Okay, and can you comment on the, kind of, the clinical relevance of it? I mean, relevance for the upcoming trials, or will it kind of affect design or, or things like that?
Not really, but it's more of an indication of resistance.
I see.
... mechanisms for immune checkpoint inhibitors.
Okay.
Yeah.
I guess following up on that, are there any other similar scavenger pathways that are expressed on macrophages, which may share responsibilities with STAB1?

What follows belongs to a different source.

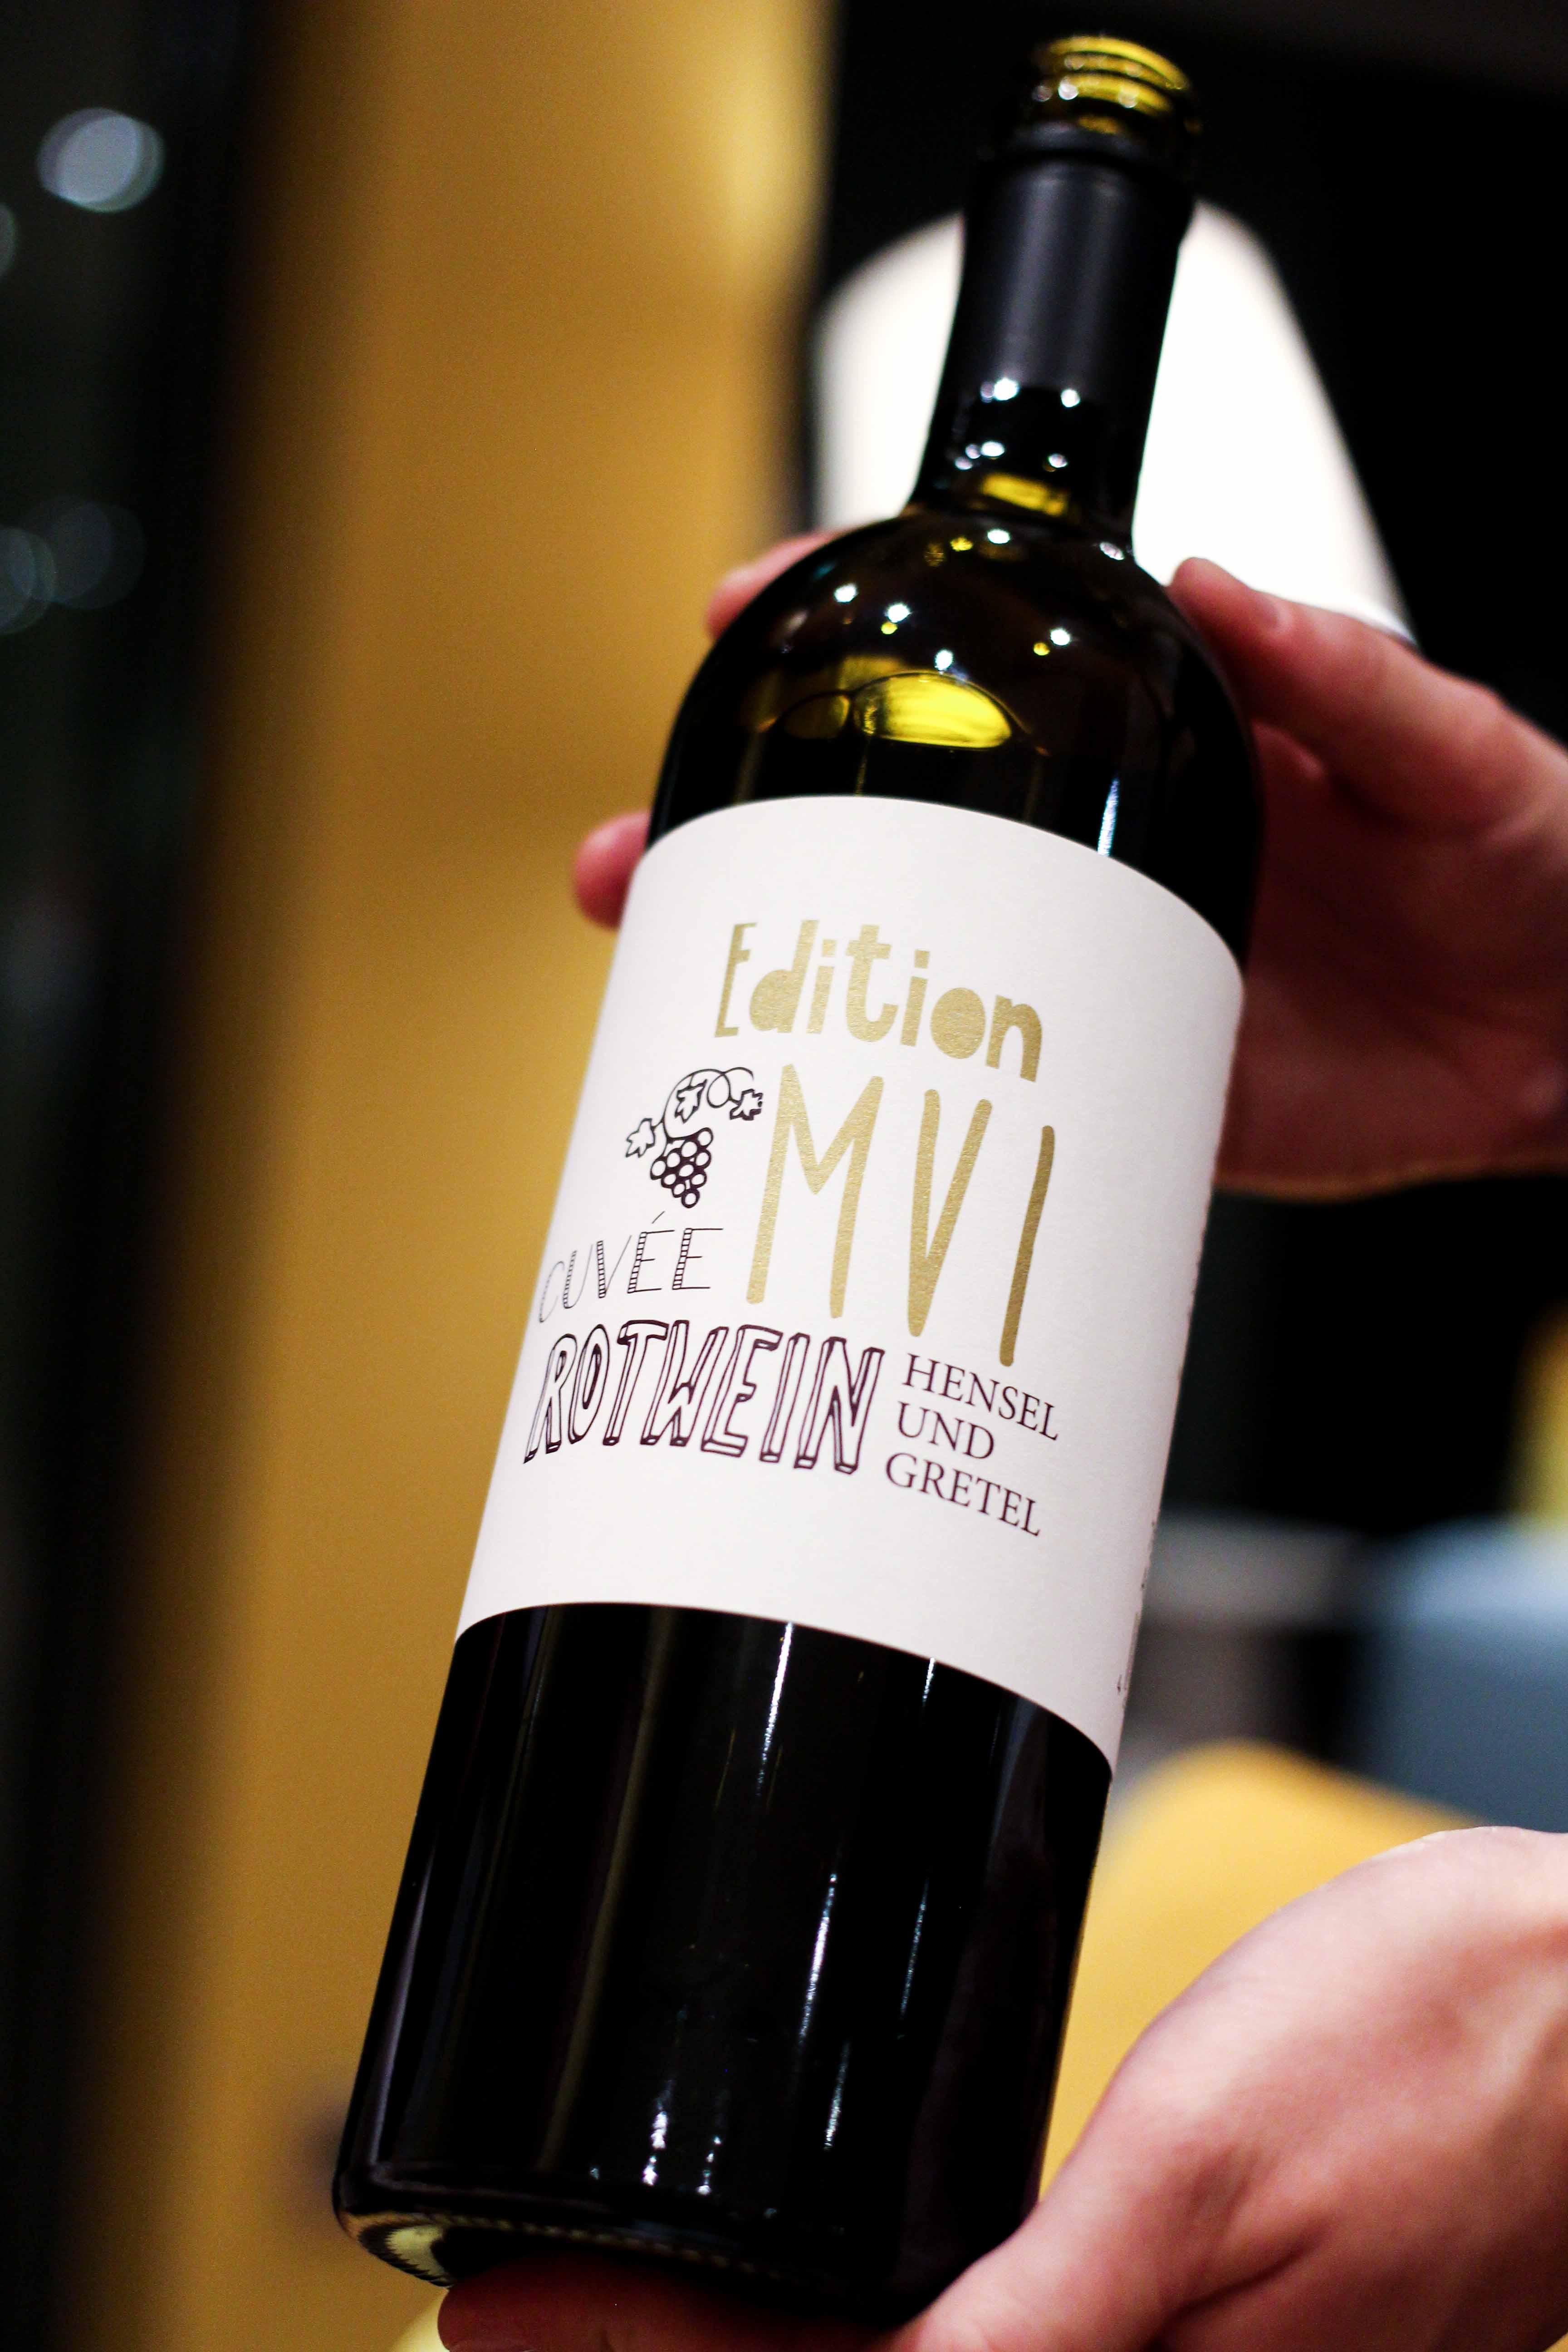 Mercure Weinlese Reiseblog Weinprobe Mercure Mannheim Rotwein MVI M6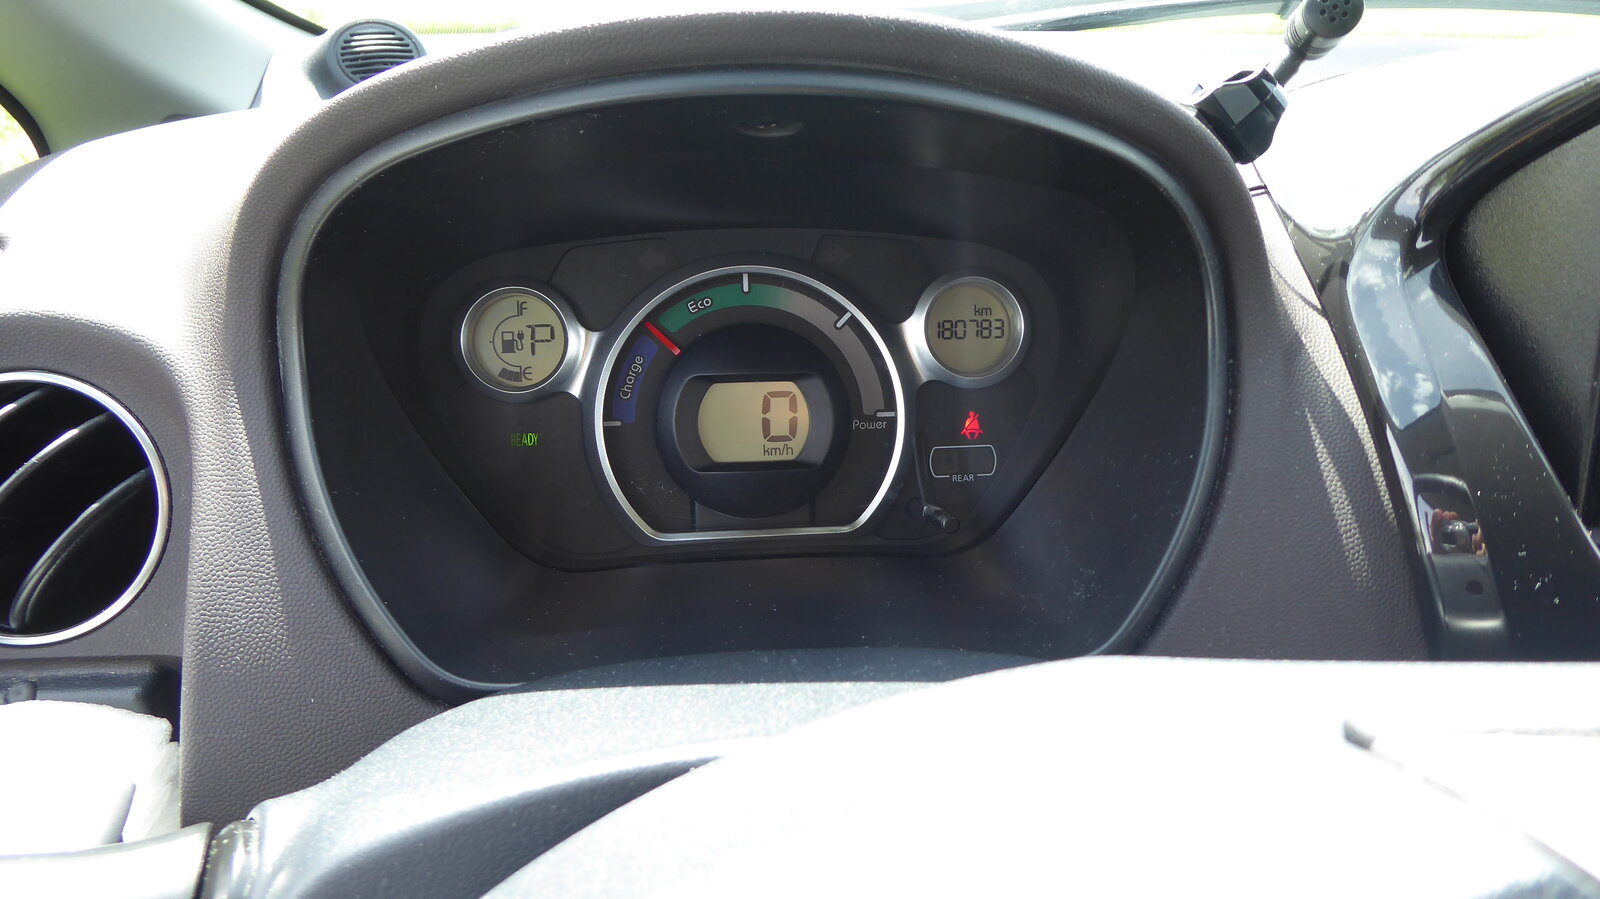 cockpit-jpg.9225

On macrophages, not really. So it seems that if we inhibit CLEVER-1 or genetically knock it down, we affect other receptors. So I think CLEVER-1 is more of the main receptor. And people commonly ask us that there is this Stabilin-2, which is a homolog to CLEVER-1, but that receptor is not expressed on macrophages. It's only expressed on endothelial cells, and that's why it cannot contribute to resistance to anti-CLEVER-1 targeting on macrophages. So I would say not really.
Then we have a question on if the potential partners are interested in Bex as a monotherapy, or is the interest kind of mostly for combinations? And I guess this is about solid tumors, so.
I'll let Petri answer that, who's the solid tumor guy on combos or monos. We have the same answer-
Yeah.
... but I'll give it to you.
Of course, the major interest is currently in the combinations, and the rationale there is so good, and it fits so well together with the PD-1s.
Okay, I think we have gone through all the questions in the chat, so looking to the audience if there are any more questions. If not, I would like to hand over to Juho for the closing remarks or any other comments.
Thank you, everybody. It's been a pleasure seeing you both over the internet here live. What can I say? Amazing small group of people, amazing year ahead. Like I said to some of you today, 'cause you, many of you know the reactions in the stock market today. The company's going like a train. Stock market's going a bit like that's stock, but the company's going like a train. Thank you. Goodbye.